保靖地区龙马溪组高成熟海相页岩吸附气量及其影响因素

Gas adsorption capacity of Longmaxi Formation high-maturity marine shale in Baojing area and its influential factors

页岩吸附气量是含气性评价和资源潜力预测的关键参数,保靖地区志留系龙马溪组海相页岩热演化程度高,页岩吸附气量尚未查明,成为亟待研究的关键问题。采集研究区BY-1井龙马溪组页岩岩心样品12个,开展了页岩TOC、热成熟度(R_o)、X射线衍射、场发射扫描电镜、低压液氮吸附和高压甲烷等温吸附等分析测试。结果表明,研究区海相页岩有机质丰度高,TOC范围是0.57%~2.16%;热演化程度高,R_o的范围为2.86%~3.76%;矿物组分中石英含量为33.7%~73.9%,斜长石含量为0.7%~16.9%,黏土矿物含量为15.8%~54.4%;页岩中纳米级孔隙发育,以粒间孔和有机质孔为主;低压液氮吸附实验结果展示页岩孔径分布范围宽,以2~50nm的中孔为主;高压等温吸附实验揭示保靖地区龙马溪组页岩的吸附气量较高,为0.82~3.56m3/t,平均为1.93m3/t。保靖地区页岩吸附气量主要受到有机质丰度和中孔、微孔比表面积的控制,龙马溪组页岩有机质处于高成熟阶段,有机质热演化产生大量的微孔和中孔,二者比表面积较大,为页岩气吸附提供了较大的空间,页岩的吸附气量大。

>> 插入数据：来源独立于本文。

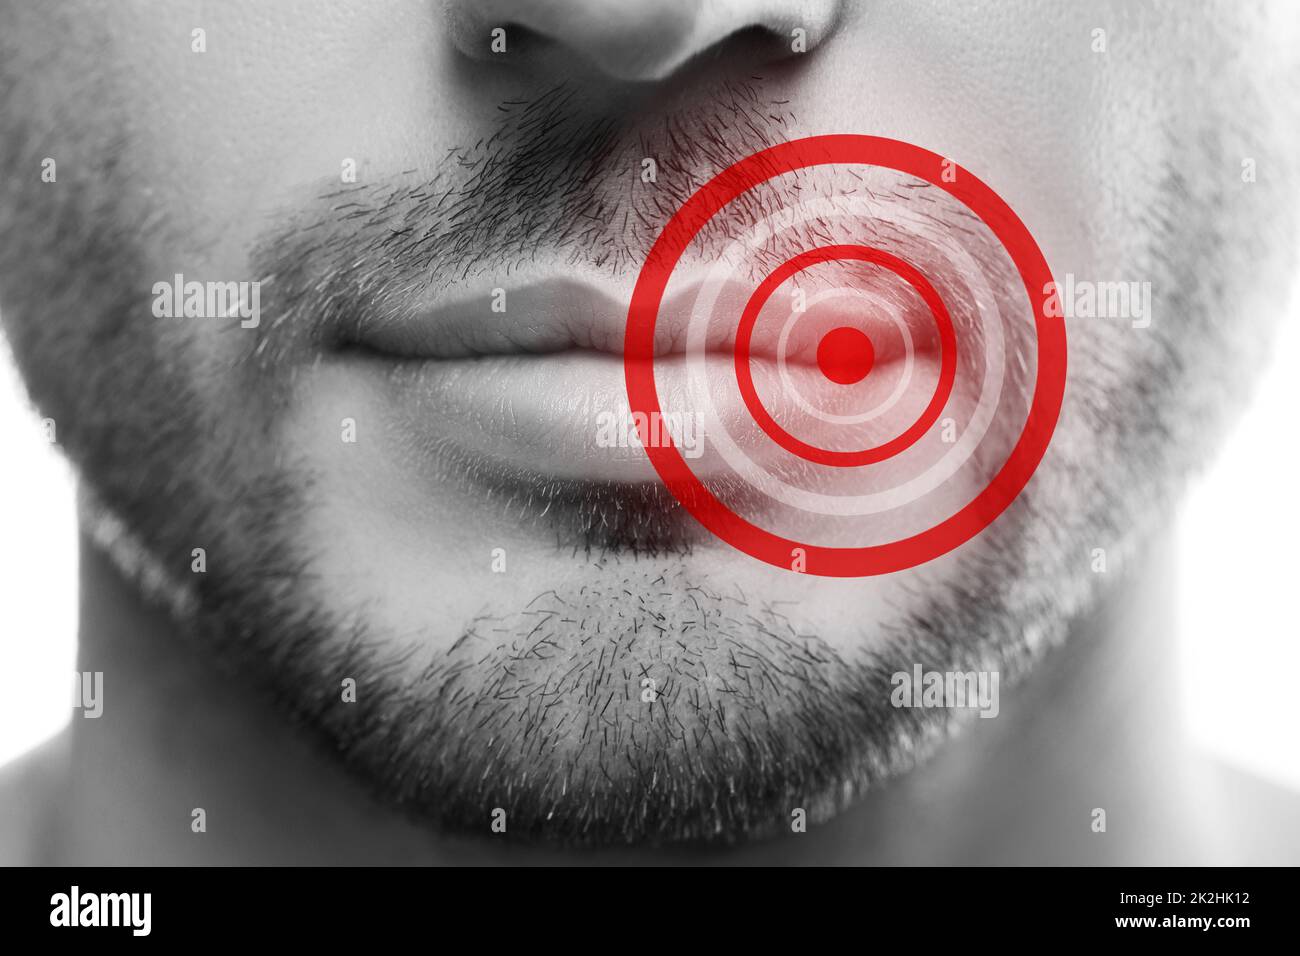 Male lips with a red circles. Signal of problems such as cold sores. Stock Photo

Gas adsorption capacity of shale is a key parameter of gas potential evaluation and resource potential prediction. The marine shale of Silurian Longrnaxi Formation in the Baojing area is high in thermal evolution degree, and its gas adsorption capacity is unclear and will be a focus to be figured out. In this paper, 12 core samples of Longmaxi Formation shale in Well BY-1 in the study area were collected and tested in terms of total organic carbon （TOC）, thermal maturity （Ro）, X-ray diffraction, field emission scanning electron microscopy （FE- SEM）, low-pressure liquid nitrogen adsorption and high-pressure isothermal methane adsorption. The results show that the marine shale in the study area is high in organic abundance and thermal maturity with TOC and Ro in the range of 0.57%-2.16% and 2.86%-3.76%, respectively. The mineral composition includes quartz （33.7%-73.9%）, plagioclase （0.7%-16.9%）, and clay mineral （15.8%-54.4%）. Nano-scale pores are developed in shale dominantly in the forms of intergranular pore and organic pore. According to the low-pressure liquid nitrogen adsorption test, the pore diameter of shale is in a large range and mesopores （2-50 nm） are dominant. The high-pressure isothermal methane adsorption test revels that the gas adsorption capacity of Longmaxi Formation shale in the Baojing area is high - 0.82-3.56 m^3/t, averaging 1.93 m^3/t. The gas adsorption capacity is mainly controlled by the organic abundance and the specific areas of mesopores and micropores. The organic matter in the Longmaxi Formation shale is of high maturity. With the thermal evolution of organic matter, abundant micropores and mesopores are generated and their specific area is large, providing large space for shale gas adsorption, resulting in high gas adsorption capacity of shale.